Certains tribunaux montrent
toutefois des dynamiques encourageantes. À Paris, particulièrement investi dans
une politique de justice amiable, le nombre d’injonctions de rencontrer un
médiateur est passé d’environ 200 en 2020 à plus de 2 200 en 2024. Le taux de
réussite est également significatif : selon l’Observatoire du Centre de médiation et d'arbitrage de Paris (CMAP), 61 % des
médiations aboutissent à un accord. Les conciliateurs de justice, dont le
nombre atteignait 2 709 en décembre 2023, traitent plus de 175 000 affaires
chaque année, avec près de 50 % d’accords, soit 88 000 affaires réglées en
2022.
JSS : En
matière civile, la question des délais reste cruciale. Ce nouveau cadre
permettra-t-il réellement d’accélérer le traitement des dossiers, ou
risque-t-il au contraire d’ajouter une étape supplémentaire à une procédure
déjà perçue comme longue ?
F.V. : Il
est évident qu’un accord conclu en début d’instance grâce à un mode amiable
peut éviter des années de procédure, avec leurs coûts économiques directs et
indirects ainsi que tous les tracas inhérents à un procès. Une étude européenne
a montré que la médiation devient rentable dès lors que son taux de réussite
atteint 24 %, alors même que la conciliation est gratuite. De plus, lorsqu’une
médiation ou une conciliation se déroule pendant les « temps morts » de la
procédure, elle n’allonge pas les délais, même en cas d’échec.
JSS : Les juridictions
sont-elles prêtes à appliquer ce décret ? La question se pose notamment sur la
disponibilité des médiateurs, conciliateurs et experts…
F.V. : L’offre
de médiation et de conciliation reste aujourd’hui très disparate selon les
territoires, comme nous avons pu le constater lors des ambassades de l’amiable.

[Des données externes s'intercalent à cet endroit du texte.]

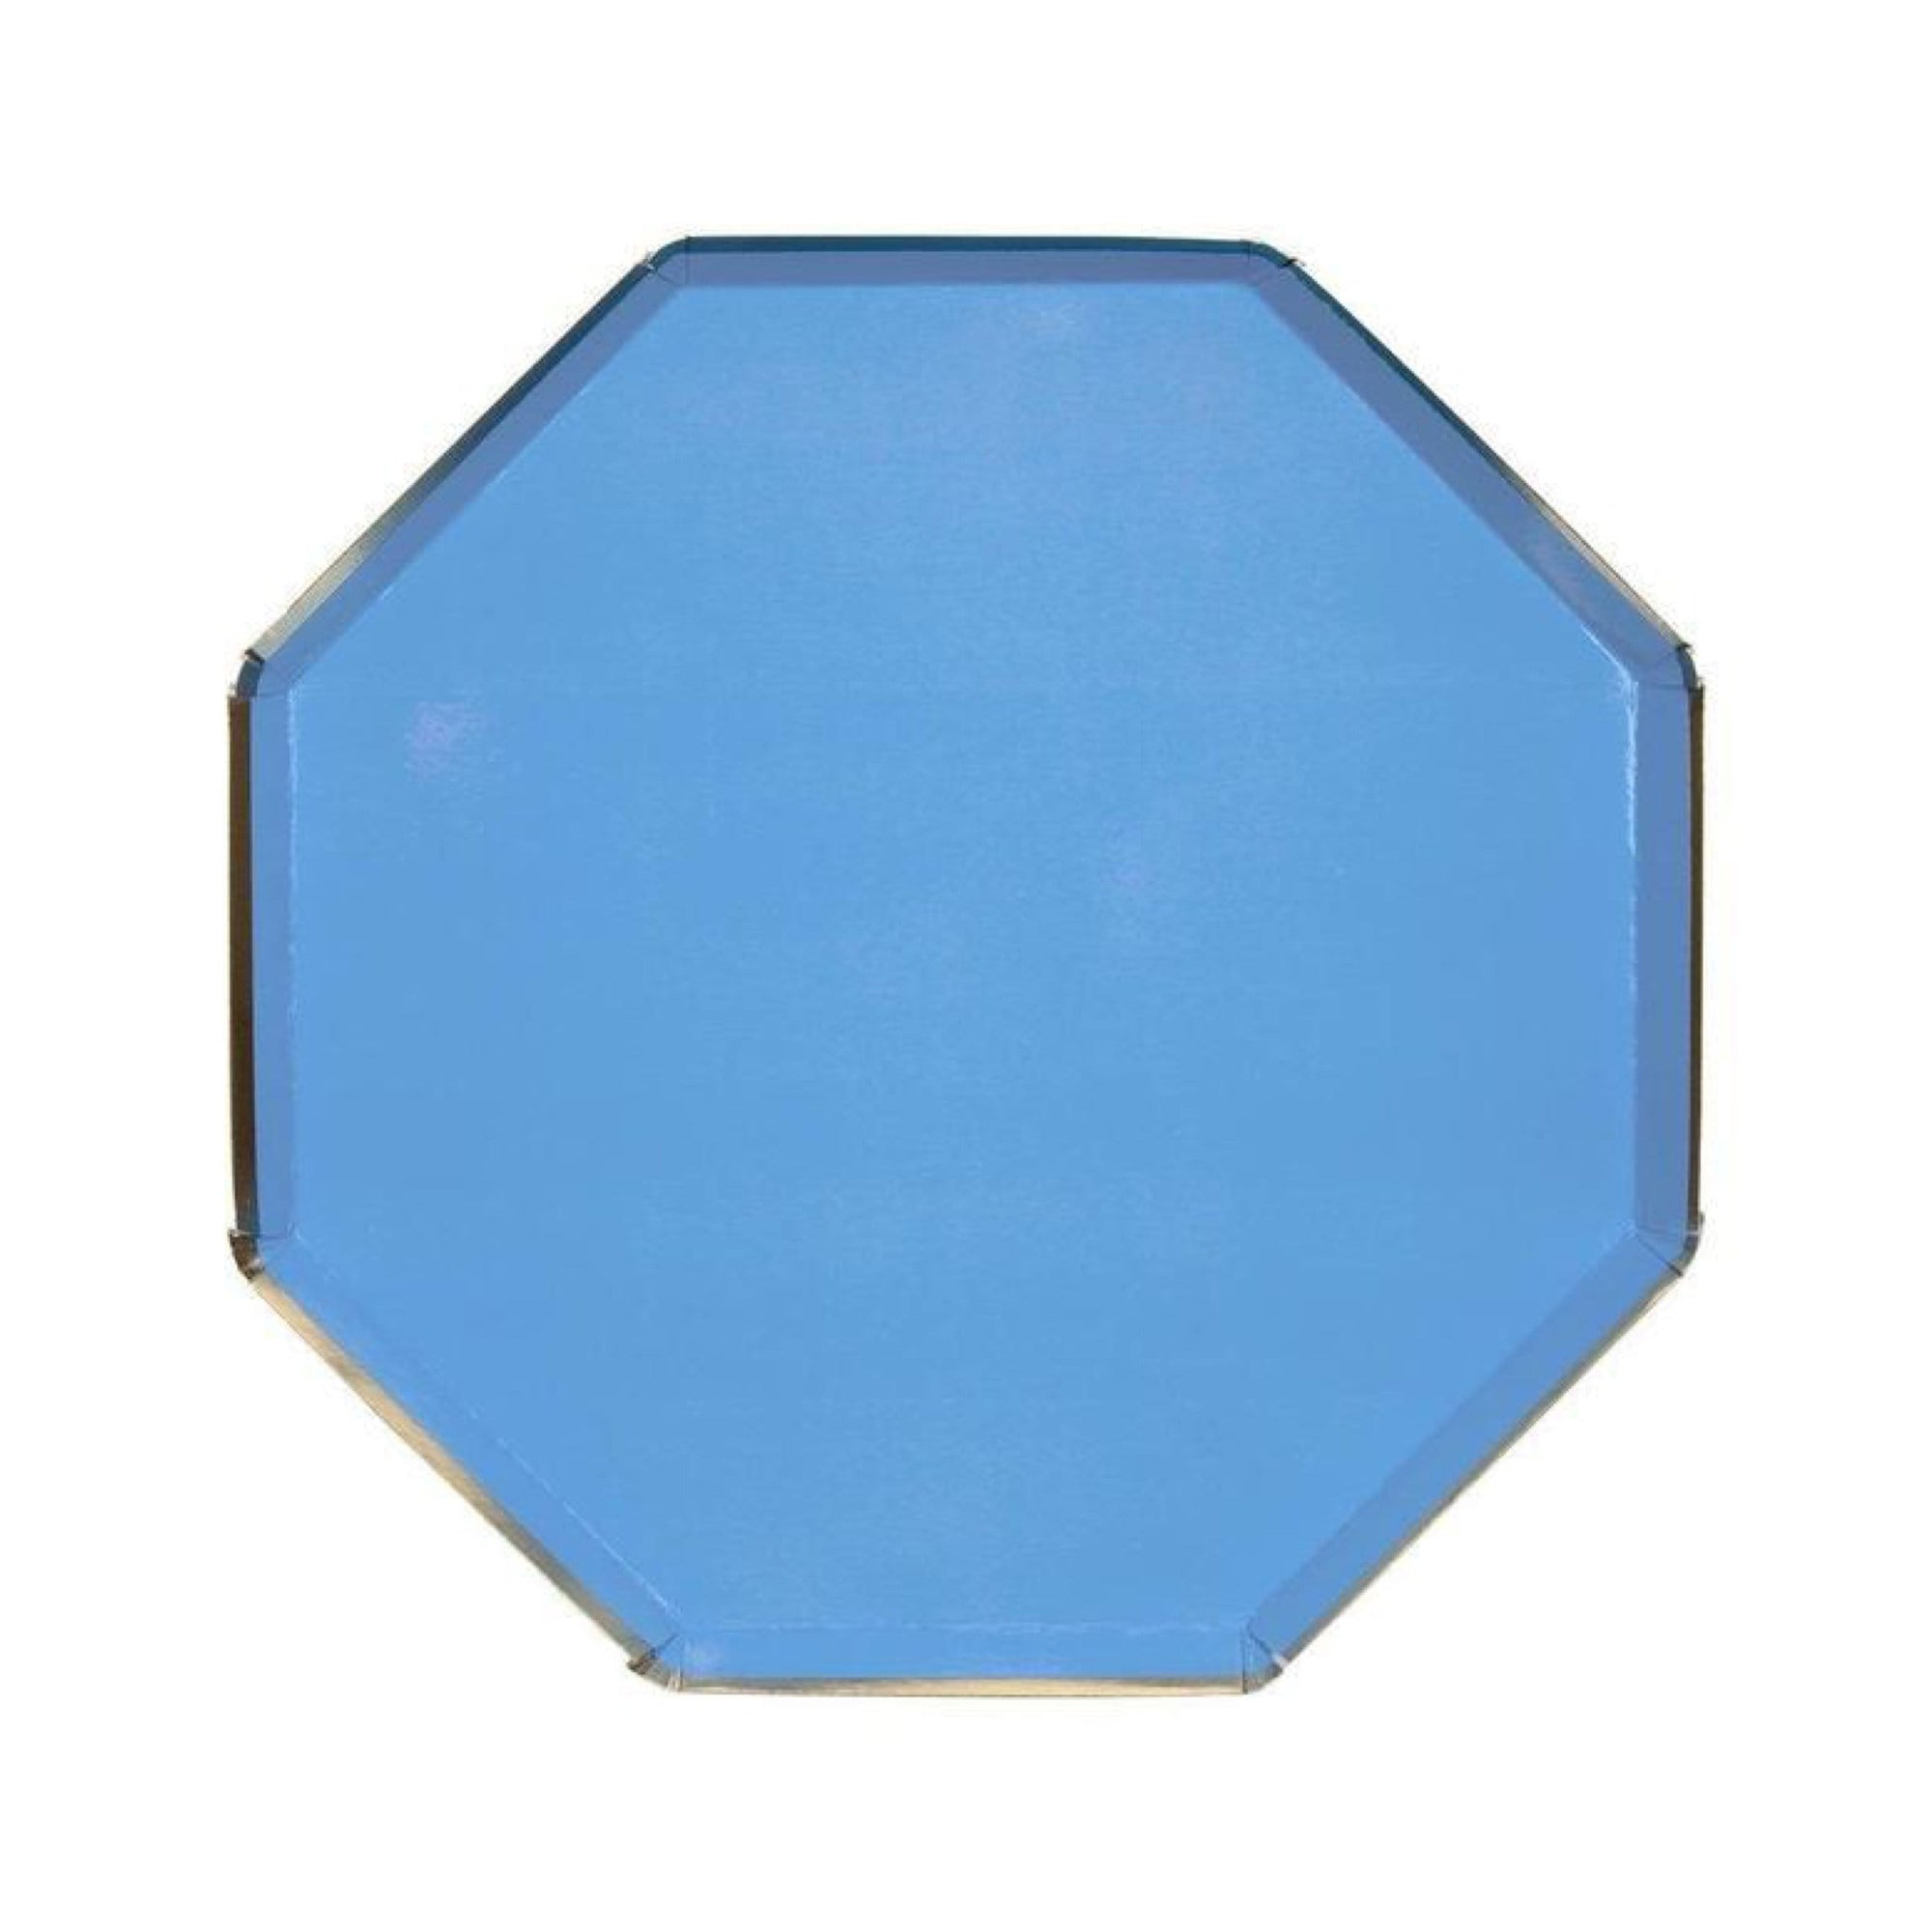 Blue Octagon Geometric Plates

Or, une véritable politique publique suppose des objectifs, des moyens et une
évaluation. Nous n’en sommes qu’aux prémices, mais des signes encourageants
existent : le nombre de personnes formées chaque année à la médiation augmente,
tout comme celui des conciliateurs de justice. Et, grande première, le 27 juin
2025, le garde des Sceaux Gérald Darmanin a publié une circulaire sur la
politique civile comportant un volet consacré à l’amiable. Chaque juridiction
devra désormais consacrer une séance de son conseil de juridiction à cette
politique.
Après des décennies d’abandon
de la justice civile et de relative indifférence vis-à-vis des modes amiables,
cette volonté de les sortir de l’invisibilité doit être saluée, même si le
chemin reste encore long. Rappelons que la justice civile et commerciale
représente plus de 1,9 million de décisions chaque année, et que son bon
fonctionnement conditionne en grande partie la paix sociale de notre pays.